_Data to process_
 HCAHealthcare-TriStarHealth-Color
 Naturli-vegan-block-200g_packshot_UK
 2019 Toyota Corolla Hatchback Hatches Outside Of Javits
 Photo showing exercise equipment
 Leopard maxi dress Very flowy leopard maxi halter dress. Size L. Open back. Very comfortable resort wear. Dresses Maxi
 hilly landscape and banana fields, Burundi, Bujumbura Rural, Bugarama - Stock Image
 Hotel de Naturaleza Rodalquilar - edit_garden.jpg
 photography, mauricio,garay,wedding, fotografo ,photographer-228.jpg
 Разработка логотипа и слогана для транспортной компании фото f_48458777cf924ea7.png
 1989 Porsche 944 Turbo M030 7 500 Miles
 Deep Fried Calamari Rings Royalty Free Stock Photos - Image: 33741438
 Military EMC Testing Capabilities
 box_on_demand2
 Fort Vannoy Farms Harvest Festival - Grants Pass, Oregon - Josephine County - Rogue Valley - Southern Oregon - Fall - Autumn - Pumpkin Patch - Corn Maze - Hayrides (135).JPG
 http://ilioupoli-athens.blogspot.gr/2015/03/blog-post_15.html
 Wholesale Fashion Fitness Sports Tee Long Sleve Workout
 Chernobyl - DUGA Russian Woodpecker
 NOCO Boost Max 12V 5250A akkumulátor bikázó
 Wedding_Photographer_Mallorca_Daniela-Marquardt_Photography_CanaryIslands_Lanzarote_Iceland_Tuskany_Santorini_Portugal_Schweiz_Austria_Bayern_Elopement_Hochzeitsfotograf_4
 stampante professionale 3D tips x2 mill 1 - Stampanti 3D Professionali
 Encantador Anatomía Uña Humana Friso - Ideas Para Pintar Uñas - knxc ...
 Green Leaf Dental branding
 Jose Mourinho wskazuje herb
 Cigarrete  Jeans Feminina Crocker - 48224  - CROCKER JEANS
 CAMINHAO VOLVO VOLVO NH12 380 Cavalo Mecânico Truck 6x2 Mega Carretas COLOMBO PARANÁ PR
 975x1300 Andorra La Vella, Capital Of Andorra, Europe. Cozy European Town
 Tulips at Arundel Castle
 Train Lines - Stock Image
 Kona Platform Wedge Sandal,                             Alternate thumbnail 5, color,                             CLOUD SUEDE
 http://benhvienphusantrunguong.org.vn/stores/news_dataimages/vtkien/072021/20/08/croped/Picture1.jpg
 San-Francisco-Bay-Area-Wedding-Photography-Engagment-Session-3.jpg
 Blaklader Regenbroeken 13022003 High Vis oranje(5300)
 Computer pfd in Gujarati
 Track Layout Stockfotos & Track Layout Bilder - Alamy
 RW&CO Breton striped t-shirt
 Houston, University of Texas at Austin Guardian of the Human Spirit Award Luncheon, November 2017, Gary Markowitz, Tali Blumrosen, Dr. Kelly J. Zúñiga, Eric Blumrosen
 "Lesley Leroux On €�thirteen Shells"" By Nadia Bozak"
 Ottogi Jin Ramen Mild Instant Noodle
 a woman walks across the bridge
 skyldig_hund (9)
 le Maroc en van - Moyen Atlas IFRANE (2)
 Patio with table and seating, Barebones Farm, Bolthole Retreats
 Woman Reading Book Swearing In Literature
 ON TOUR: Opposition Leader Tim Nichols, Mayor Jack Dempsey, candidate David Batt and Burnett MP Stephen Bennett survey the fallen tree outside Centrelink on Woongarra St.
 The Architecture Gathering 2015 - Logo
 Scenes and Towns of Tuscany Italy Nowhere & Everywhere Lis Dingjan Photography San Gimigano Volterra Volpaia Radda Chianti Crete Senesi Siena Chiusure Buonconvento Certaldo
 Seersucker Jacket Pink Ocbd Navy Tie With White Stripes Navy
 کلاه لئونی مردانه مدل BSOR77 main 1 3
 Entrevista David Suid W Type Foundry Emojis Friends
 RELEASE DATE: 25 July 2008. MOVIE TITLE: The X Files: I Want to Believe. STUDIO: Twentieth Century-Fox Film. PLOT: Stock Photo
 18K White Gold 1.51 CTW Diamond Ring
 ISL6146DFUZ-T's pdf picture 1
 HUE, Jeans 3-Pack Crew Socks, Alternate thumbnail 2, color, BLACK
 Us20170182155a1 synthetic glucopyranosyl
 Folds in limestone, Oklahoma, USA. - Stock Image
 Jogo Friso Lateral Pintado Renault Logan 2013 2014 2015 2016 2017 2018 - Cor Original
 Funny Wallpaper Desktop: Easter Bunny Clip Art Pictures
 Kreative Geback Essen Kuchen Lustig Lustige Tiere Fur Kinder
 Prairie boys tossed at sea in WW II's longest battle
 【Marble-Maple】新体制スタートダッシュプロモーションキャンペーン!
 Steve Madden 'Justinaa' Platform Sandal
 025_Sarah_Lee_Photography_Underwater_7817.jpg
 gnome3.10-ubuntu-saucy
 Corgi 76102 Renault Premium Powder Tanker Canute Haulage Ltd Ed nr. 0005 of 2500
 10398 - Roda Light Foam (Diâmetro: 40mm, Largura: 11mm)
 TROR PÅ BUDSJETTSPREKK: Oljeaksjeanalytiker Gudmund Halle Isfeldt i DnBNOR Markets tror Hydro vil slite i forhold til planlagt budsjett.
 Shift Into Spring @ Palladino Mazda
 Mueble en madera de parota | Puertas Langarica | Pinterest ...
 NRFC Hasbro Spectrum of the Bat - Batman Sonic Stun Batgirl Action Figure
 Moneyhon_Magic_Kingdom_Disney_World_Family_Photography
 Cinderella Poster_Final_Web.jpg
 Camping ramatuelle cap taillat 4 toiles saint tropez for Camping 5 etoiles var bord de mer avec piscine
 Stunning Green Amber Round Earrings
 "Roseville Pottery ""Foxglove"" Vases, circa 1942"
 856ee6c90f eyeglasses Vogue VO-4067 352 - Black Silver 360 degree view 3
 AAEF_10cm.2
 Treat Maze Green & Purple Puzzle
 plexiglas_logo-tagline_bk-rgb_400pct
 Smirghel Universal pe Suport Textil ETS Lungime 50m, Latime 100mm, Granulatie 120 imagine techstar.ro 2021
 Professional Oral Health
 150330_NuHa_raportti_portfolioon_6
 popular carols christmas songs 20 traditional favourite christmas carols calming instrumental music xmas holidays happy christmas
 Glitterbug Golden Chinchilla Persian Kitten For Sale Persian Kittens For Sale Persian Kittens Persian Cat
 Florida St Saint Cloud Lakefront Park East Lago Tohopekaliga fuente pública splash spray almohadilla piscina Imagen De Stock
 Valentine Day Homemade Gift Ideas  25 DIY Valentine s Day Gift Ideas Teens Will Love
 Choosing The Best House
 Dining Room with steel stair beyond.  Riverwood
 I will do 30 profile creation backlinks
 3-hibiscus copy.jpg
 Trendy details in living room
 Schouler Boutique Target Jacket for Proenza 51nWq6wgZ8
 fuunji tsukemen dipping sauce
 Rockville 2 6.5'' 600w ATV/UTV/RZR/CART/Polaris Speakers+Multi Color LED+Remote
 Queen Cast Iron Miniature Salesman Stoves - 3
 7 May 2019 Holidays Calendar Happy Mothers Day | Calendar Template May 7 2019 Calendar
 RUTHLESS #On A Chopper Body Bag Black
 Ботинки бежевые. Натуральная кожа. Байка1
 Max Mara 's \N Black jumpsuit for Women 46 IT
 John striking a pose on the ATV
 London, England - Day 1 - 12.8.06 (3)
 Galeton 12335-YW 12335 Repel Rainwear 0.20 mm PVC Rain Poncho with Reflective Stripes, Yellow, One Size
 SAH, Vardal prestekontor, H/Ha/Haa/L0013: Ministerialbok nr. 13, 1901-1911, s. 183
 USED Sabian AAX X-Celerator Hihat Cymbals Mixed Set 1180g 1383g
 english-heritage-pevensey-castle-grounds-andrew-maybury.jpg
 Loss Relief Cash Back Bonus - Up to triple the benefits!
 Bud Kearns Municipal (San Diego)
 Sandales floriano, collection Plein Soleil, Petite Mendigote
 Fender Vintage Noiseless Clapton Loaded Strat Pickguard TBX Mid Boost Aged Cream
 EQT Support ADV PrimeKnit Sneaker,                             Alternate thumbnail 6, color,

_Your goal_
Starting at the line with "english-heritage-pevensey-castle-grounds-andrew-maybury.jpg", retype each line through the final one in the data above, unchanged and with nothing added.

_Reply_
 english-heritage-pevensey-castle-grounds-andrew-maybury.jpg
 Loss Relief Cash Back Bonus - Up to triple the benefits!
 Bud Kearns Municipal (San Diego)
 Sandales floriano, collection Plein Soleil, Petite Mendigote
 Fender Vintage Noiseless Clapton Loaded Strat Pickguard TBX Mid Boost Aged Cream
 EQT Support ADV PrimeKnit Sneaker,                             Alternate thumbnail 6, color,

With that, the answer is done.